Les États-Unis ont annoncé de nouvelles restrictions de visa visant certains ressortissants sud-africains en raison de politiques qui, selon Washington, favorisent la discrimination raciale, incitent à la violence ou permettent la confiscation de terres sans indemnisation.
Le secrétaire d’État Marco Rubio a annoncé ces mesures le 15 septembre, affirmant que le gouvernement sud-africain n’avait pas répondu de manière adéquate aux préoccupations américaines. Bien que la mesure ne nomme pas d’individus en particulier, Washington précise qu’elle vise les personnes responsables ou impliquées dans la mise en œuvre des politiques en question.
L’Afrique du Sud a rejeté les allégations américaines et a exprimé son inquiétude face à cette décision. Le ministre des Affaires étrangères, Ronald Lamola, a déclaré que Pretoria considère ces mesures comme le reflet d’une présentation erronée de la politique intérieure du pays par des groupes prétendant parler au nom des Afrikaners et d’autres minorités.

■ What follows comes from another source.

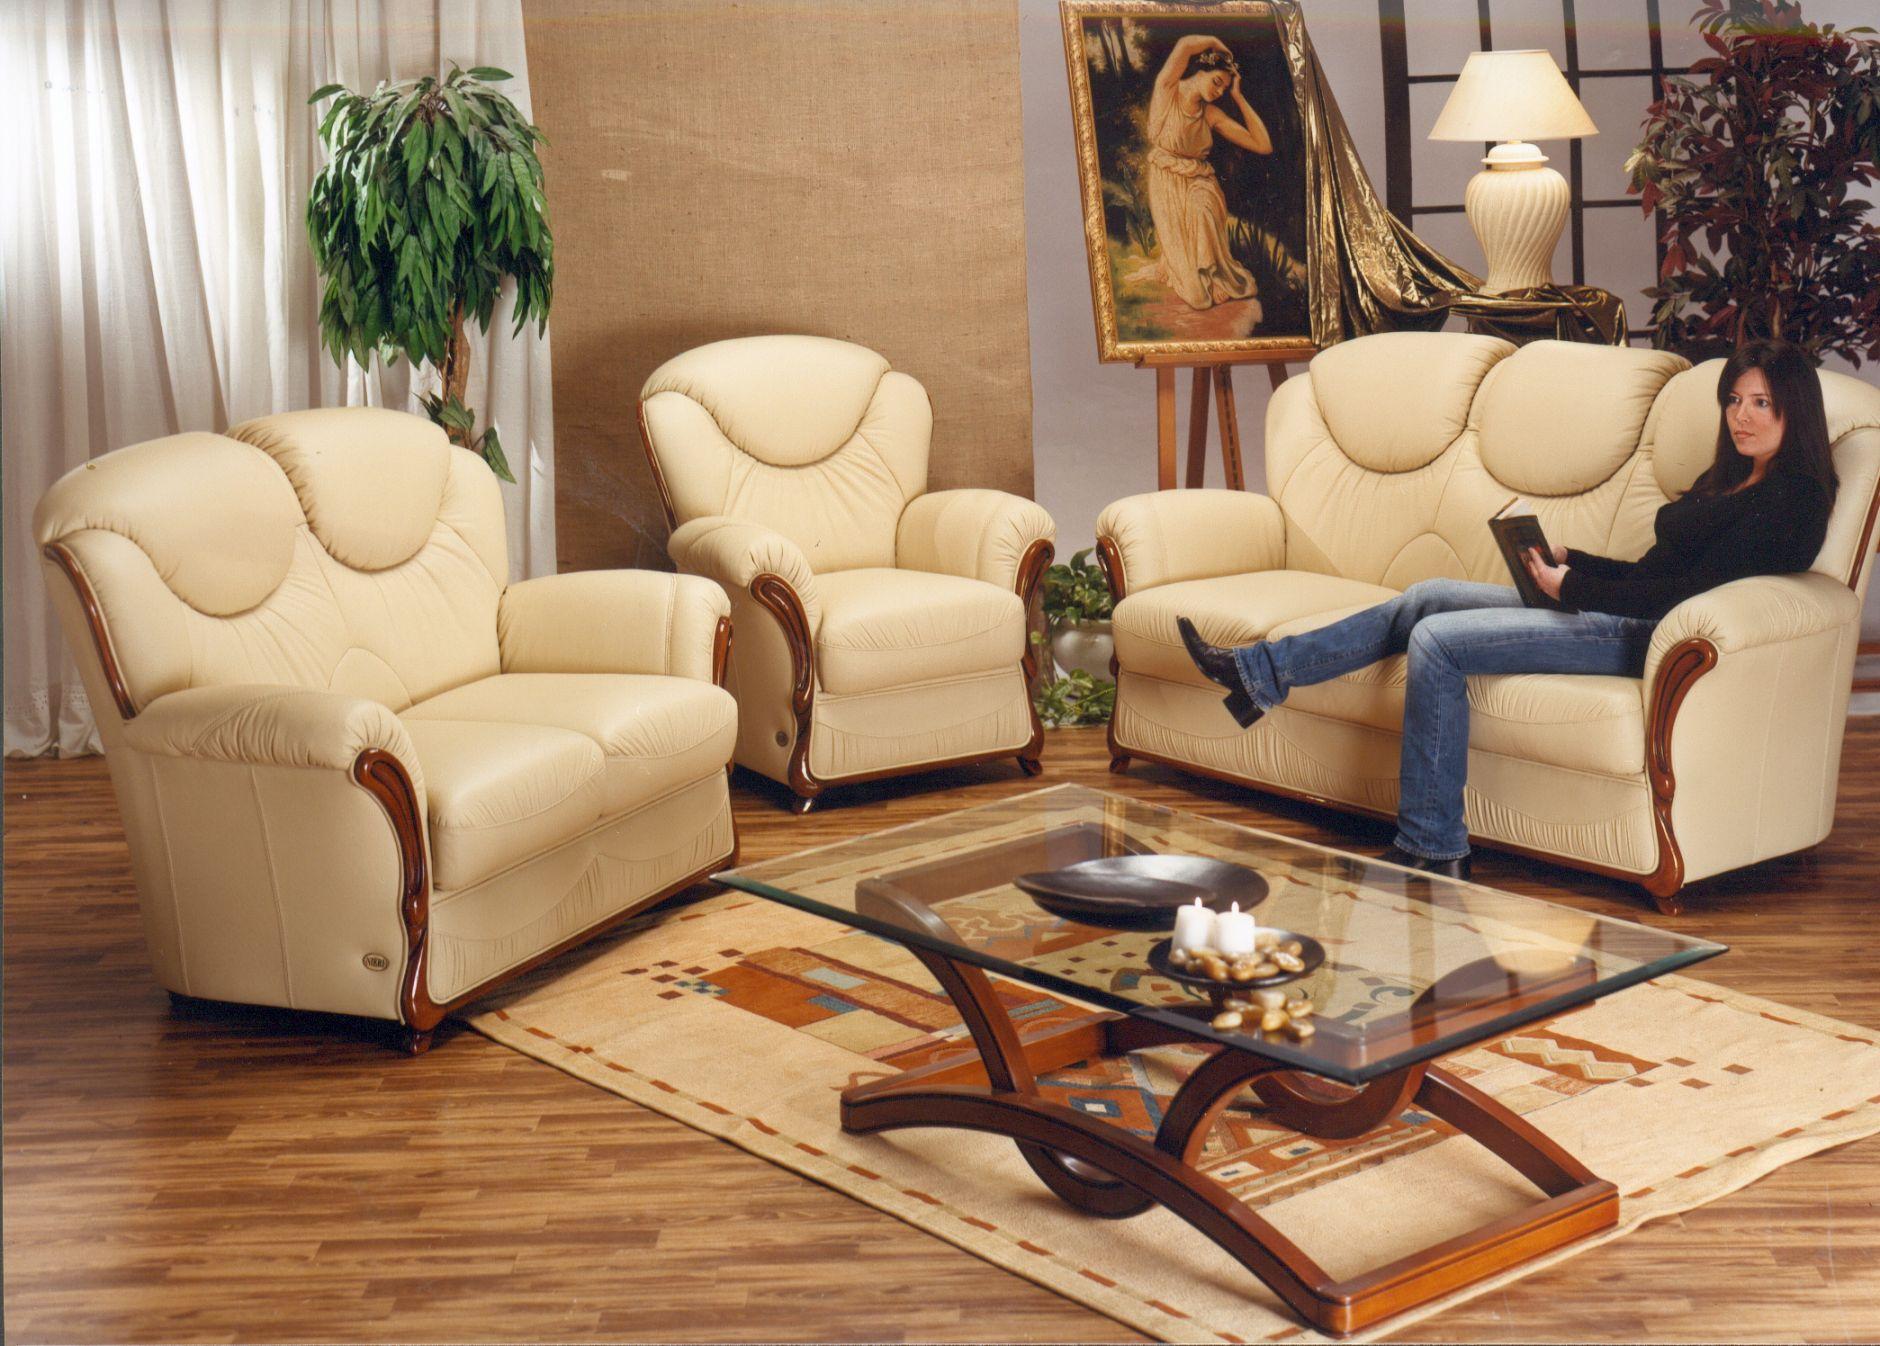 VIP-sofas - VIP-Sofas Nieri Divani ELENA ModellDie Möbel aus Italien
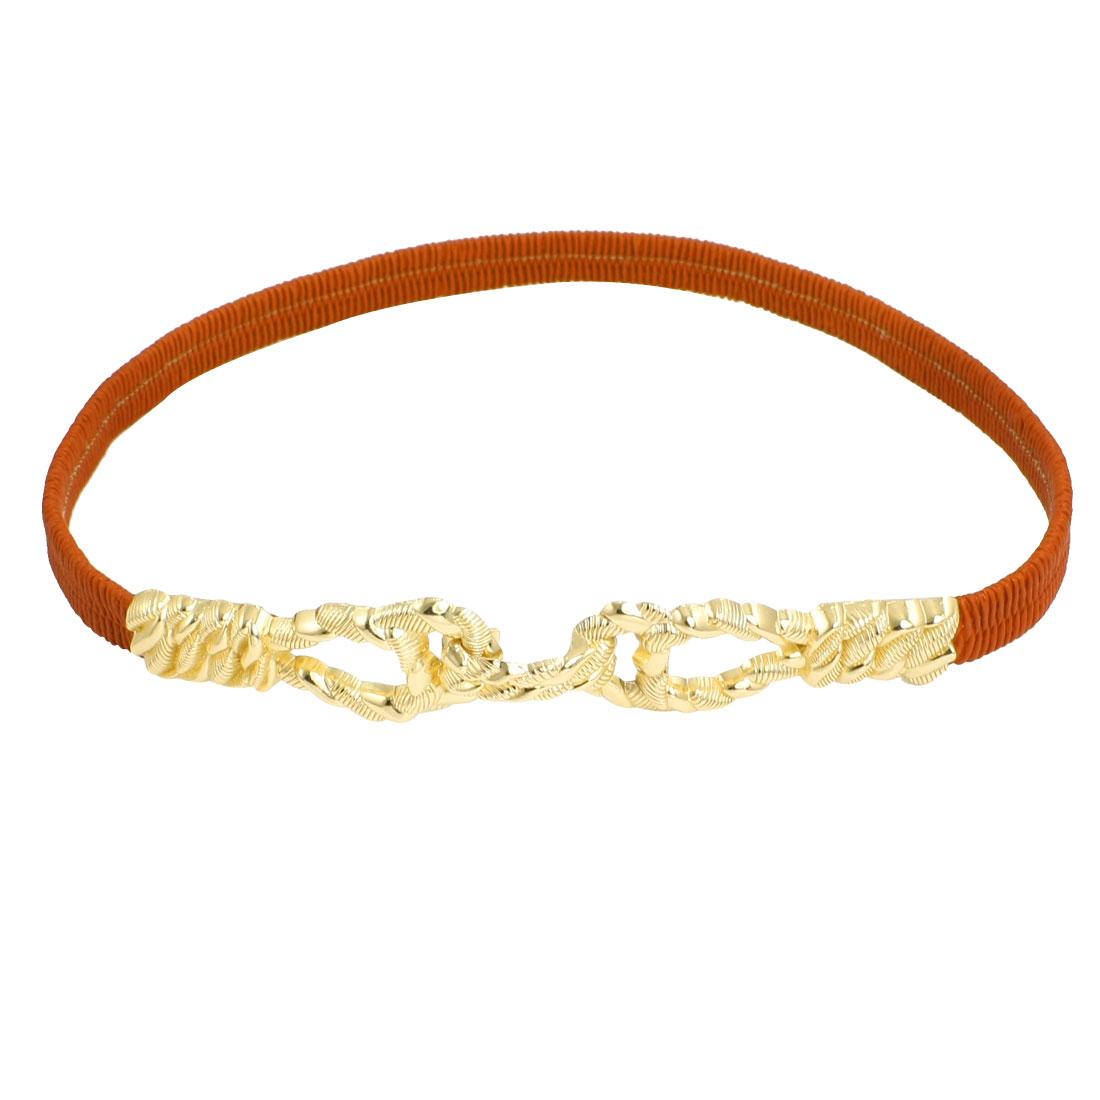 Gold Tone Interlocking Buckle Elastic Band Cinch Belt Orange for Ladies

Le gouvernement sud-africain soutient que ses réformes foncières visent à remédier aux inégalités héritées de l’apartheid et insiste sur le fait que la loi n’autorise pas les saisies arbitraires de biens.
Cette décision s’ajoute à un différend diplomatique croissant entre Washington et Pretoria. L’administration Trump avait précédemment réduit l’aide à l’Afrique du Sud, expulsé son ambassadeur et soutenu les affirmations selon lesquelles les Sud-Africains blancs seraient victimes de persécution — des allégations que Pretoria a rejetées à maintes reprises. Les États-Unis ont également imposé des droits de douane de 30 % sur les exportations sud-africaines, tandis que l’ambassade américaine à Pretoria a averti que ces nouvelles restrictions de visa constituaient la première étape d’une série de mesures plus large.